Another Biopython object that proves very useful in analysing biological data is the Align object that can store alignment data. As with SeqRecord objects you can use AlignIO.parse() to read from a file. To demonstrate other functionality we'll create an alignment by hand.

In [None]:
from Bio.Align import MultipleSeqAlignment

aln = MultipleSeqAlignment([
             SeqRecord(Seq("ACTGCTAGCTAG", generic_dna), id="Alpha"),
             SeqRecord(Seq("ACT-CTAGCTAG", generic_dna), id="Beta"),
             SeqRecord(Seq("ACTGCTAGDTAG", generic_dna), id="Gamma"),
         ])

print(aln)

In [None]:
# You can then print this alignment in a different format
print(aln.format('clustal'))

In [None]:
# You can also select which rows and columns to print as you would using numpy
print(aln[:2])

print(aln[1: , 3:])

## pysam

Another library specifically written for biological data is pysam.

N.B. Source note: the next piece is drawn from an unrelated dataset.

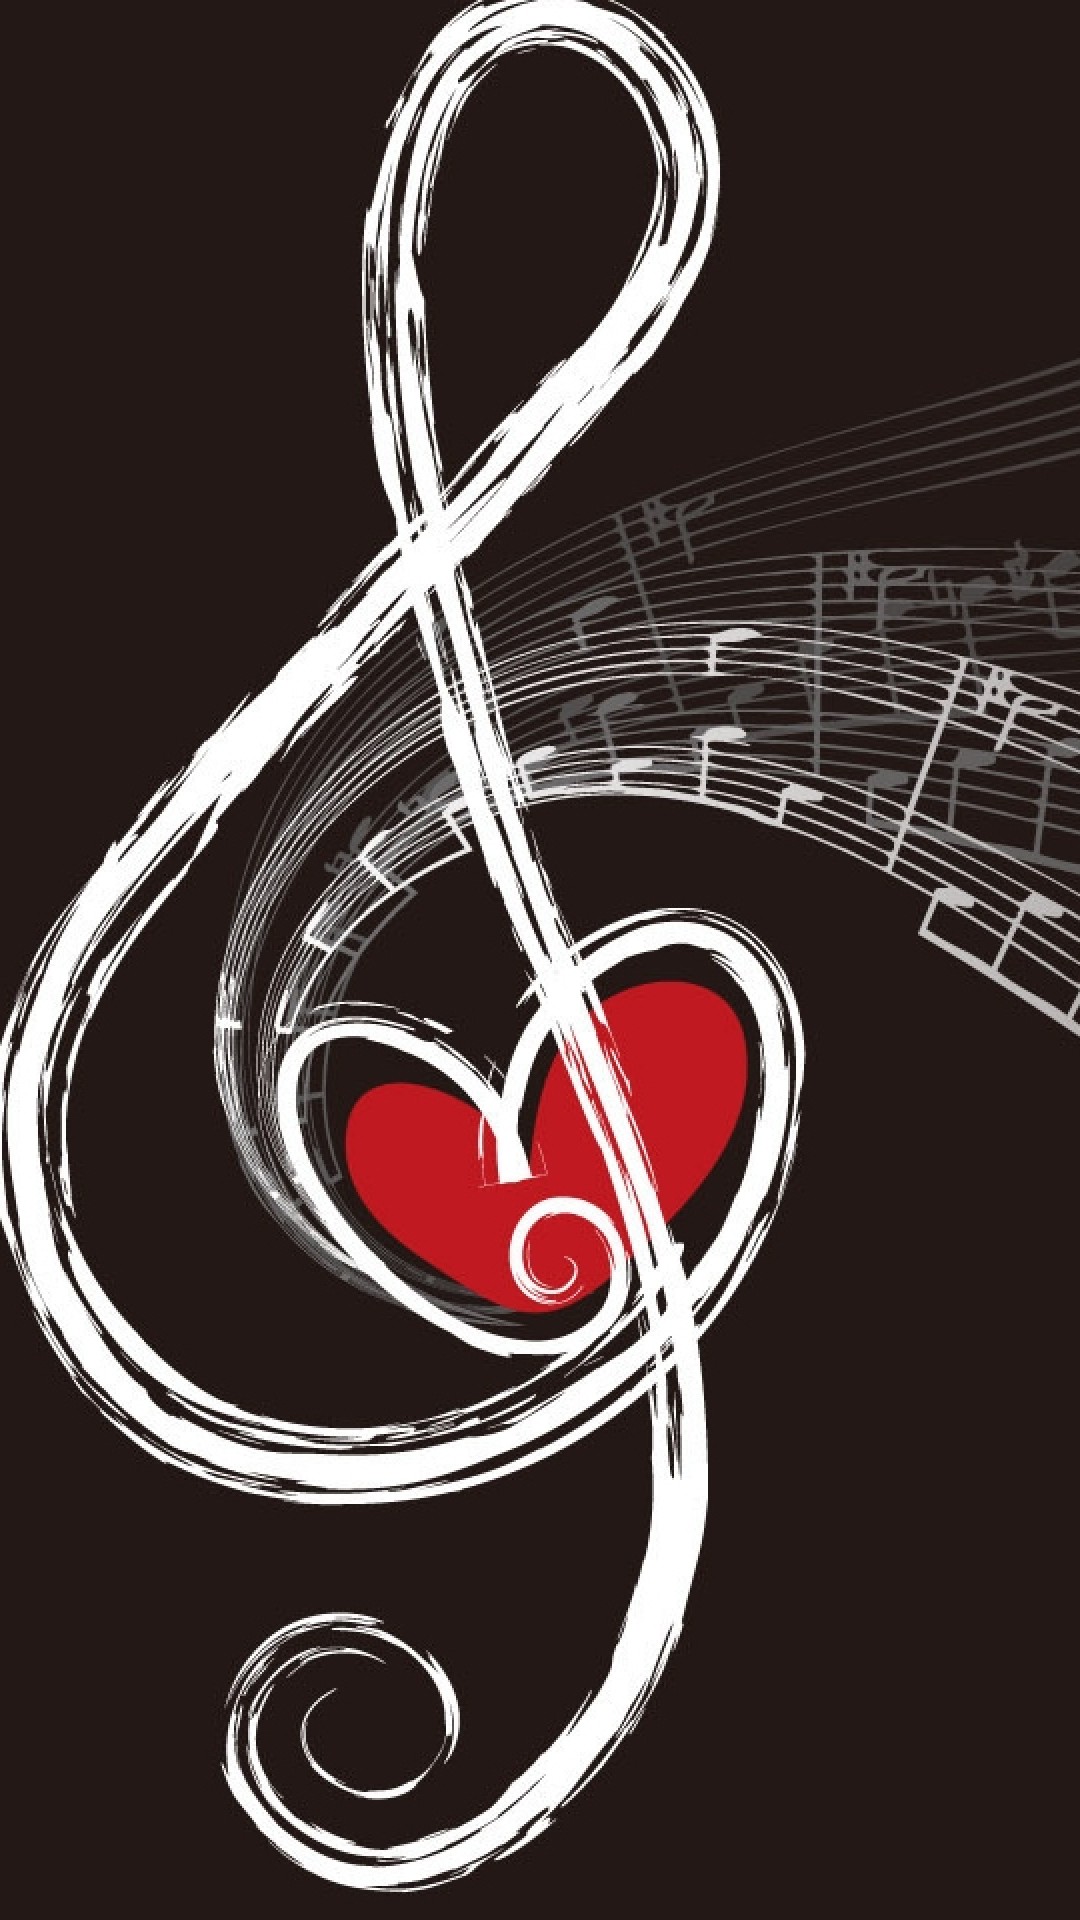 hd music wallpapers for android,text,font,heart,graphic design,love

This library is useful for reading and filtering SAM/BAM format files. 

In [None]:
import pysam

pysam includes functions for reading in sam, cram and bam files.

In [None]:
samfile = pysam.AlignmentFile('../data/ex1.bam', 'rb') # 'rb' stands for 'read bam', use 'rs' if the input is a sam file

You can select reads that map to a particular region in the reference using `fetch()`.

In [None]:
for read in samfile.fetch('chr1', 100, 110):
    print(read)


You can also look over a particular region by using the `pileup()` method. In this case, you retrieve information on each column in the range provided.

In [None]:
for pileupcolumn in samfile.pileup("chr1", 100, 120):
    print ("\ncoverage at base %s = %s" %
           (pileupcolumn.pos, pileupcolumn.n))
    for pileupread in pileupcolumn.pileups:
        if not pileupread.is_del and not pileupread.is_refskip:
            # query position is None if is_del or is_refskip is set.
            print ('\tbase in read %s = %s' %
                  (pileupread.alignment.query_name,
                   pileupread.alignment.query_sequence[pileupread.query_position]))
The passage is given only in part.